Exercise instructions. Start to finish, return the listing below exactly, pictures excluded.

Data section.

==*==

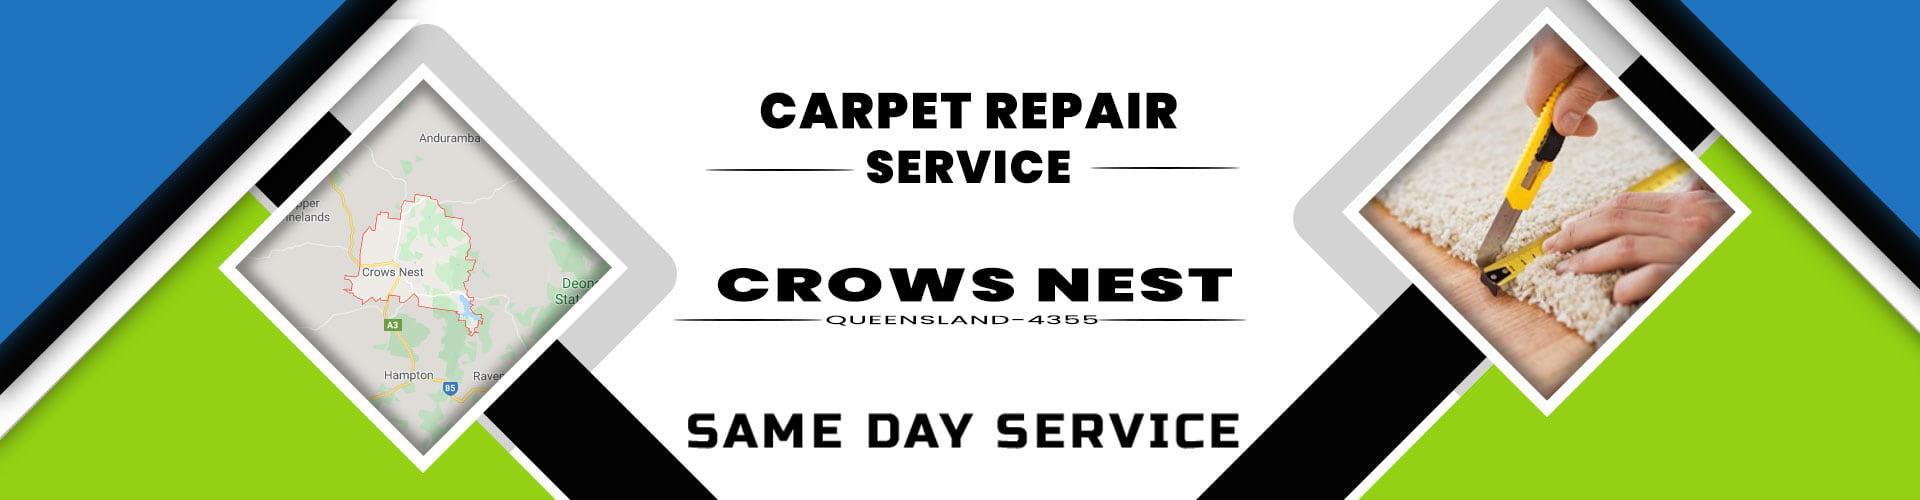 Carpet Repair Crows Nest
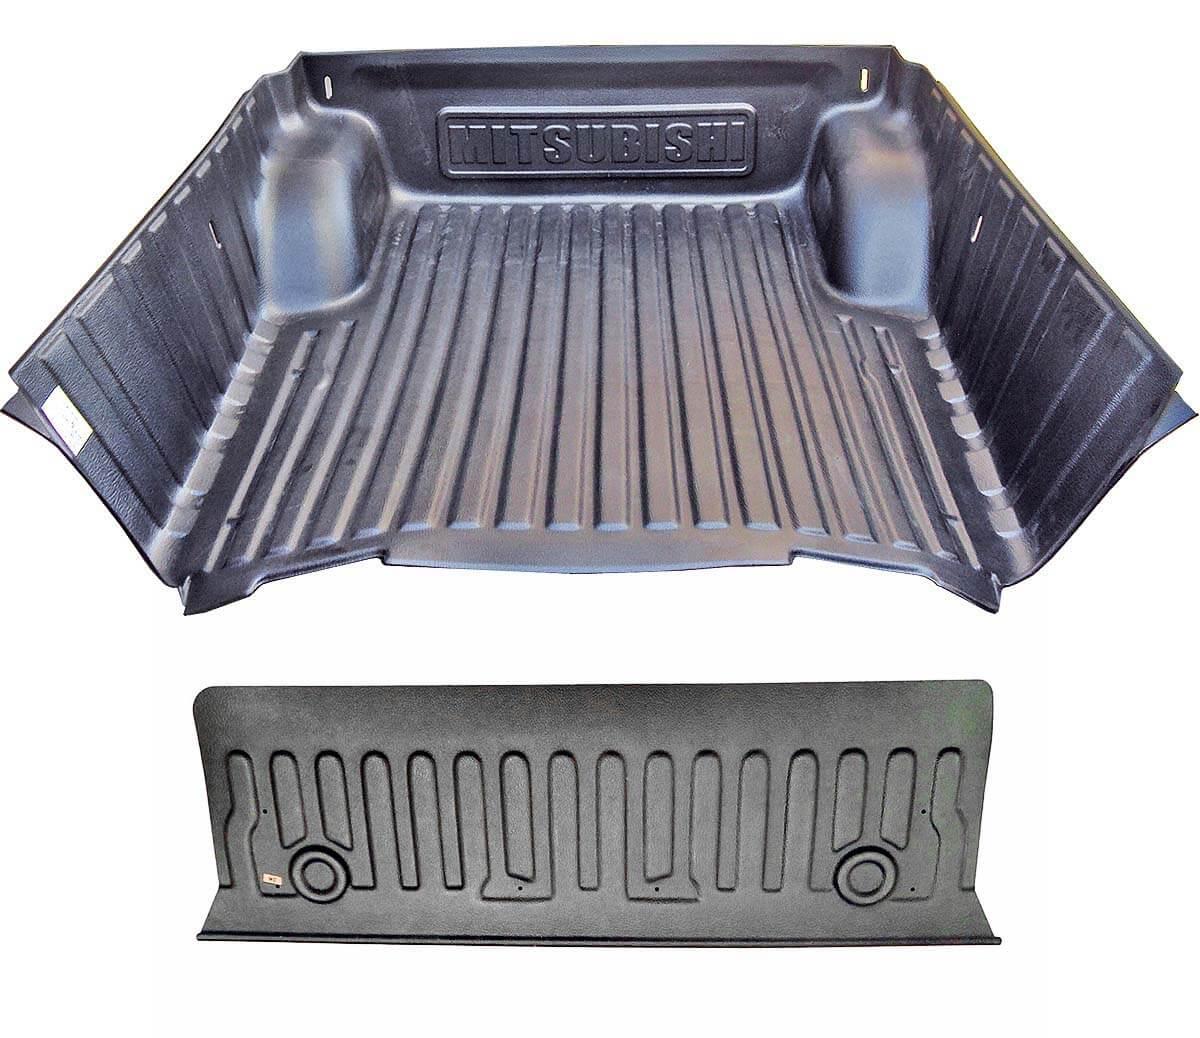 Protetor de caçamba L200 Triton 2012 a 2017 XB, GL, GLS, GLX e Outdoor MT Diesel
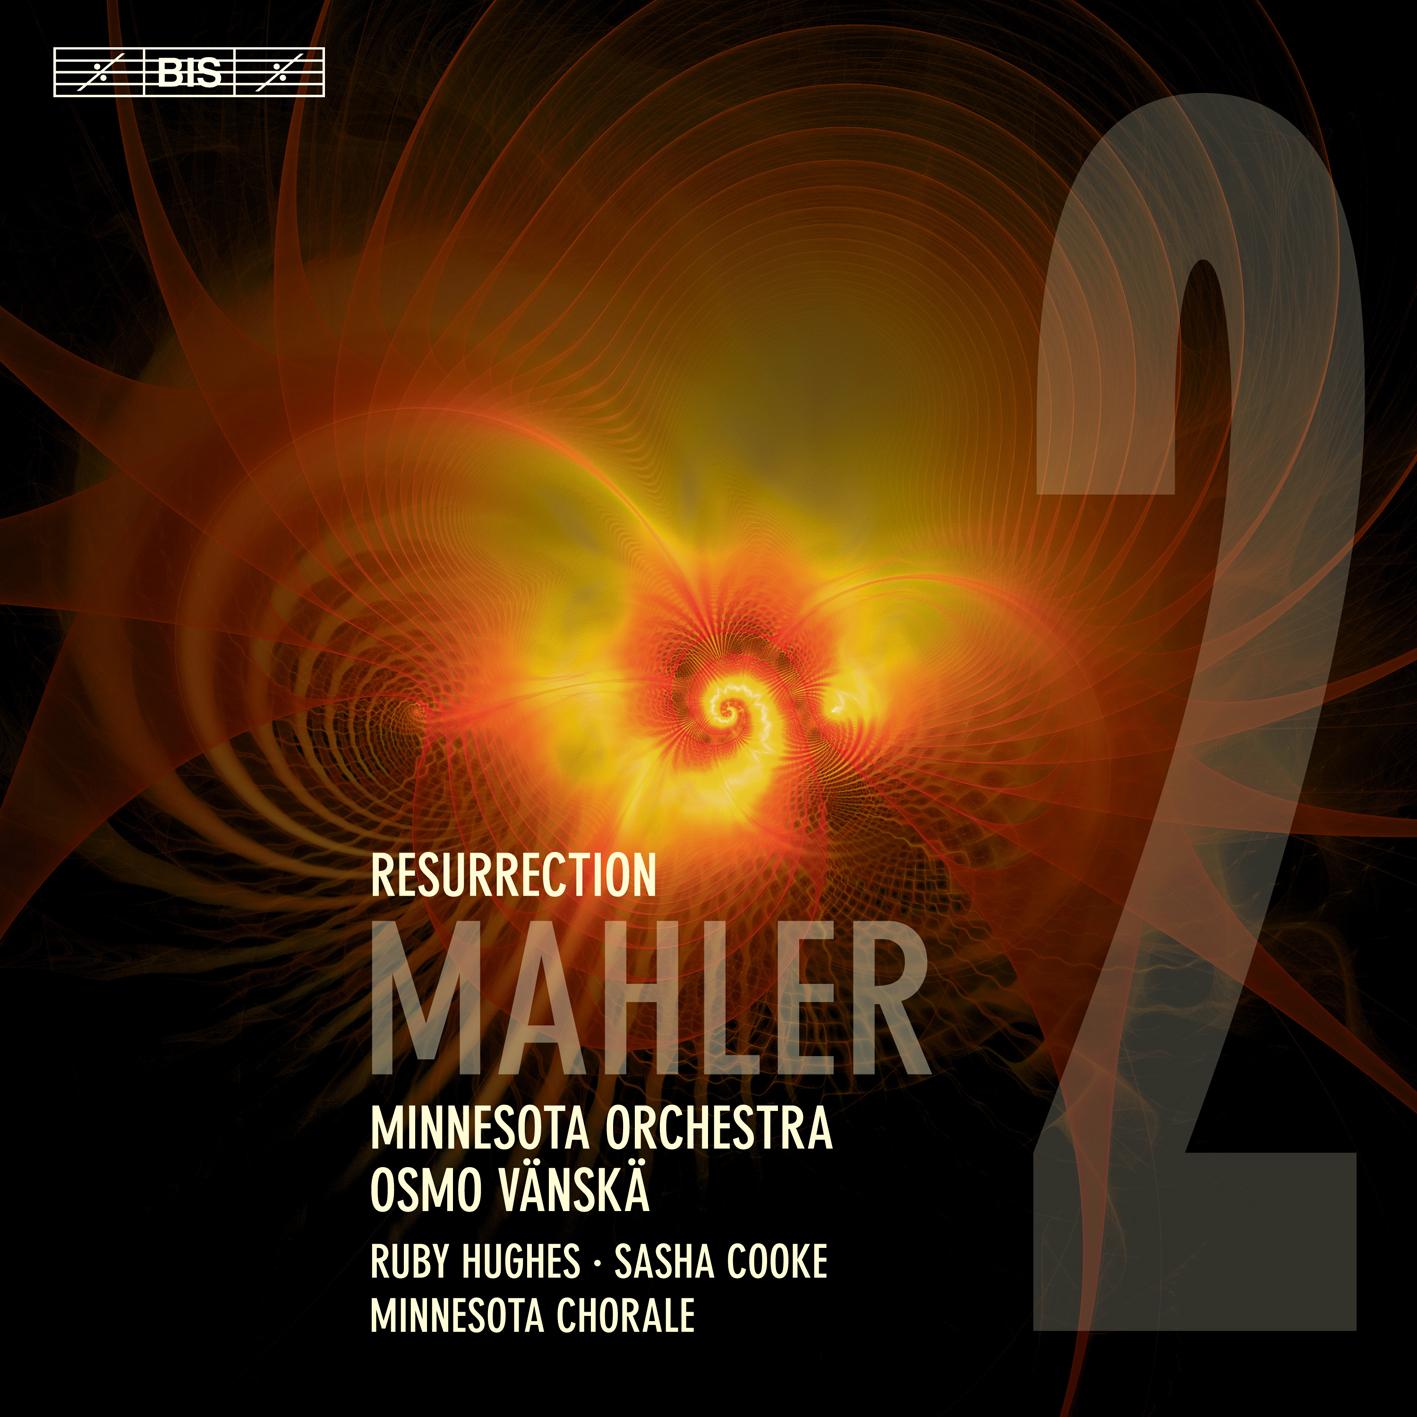 Minnesota Orchestra & Osmo Vänskä - Mahler: Symphony No. 2 'Resurrection' (2019) [Official Digital Download 24/96]

==*==

Problem solution.
 Carpet Repair Crows Nest
 Protetor de caçamba L200 Triton 2012 a 2017 XB, GL, GLS, GLX e Outdoor MT Diesel
 Minnesota Orchestra & Osmo Vänskä - Mahler: Symphony No. 2 'Resurrection' (2019) [Official Digital Download 24/96]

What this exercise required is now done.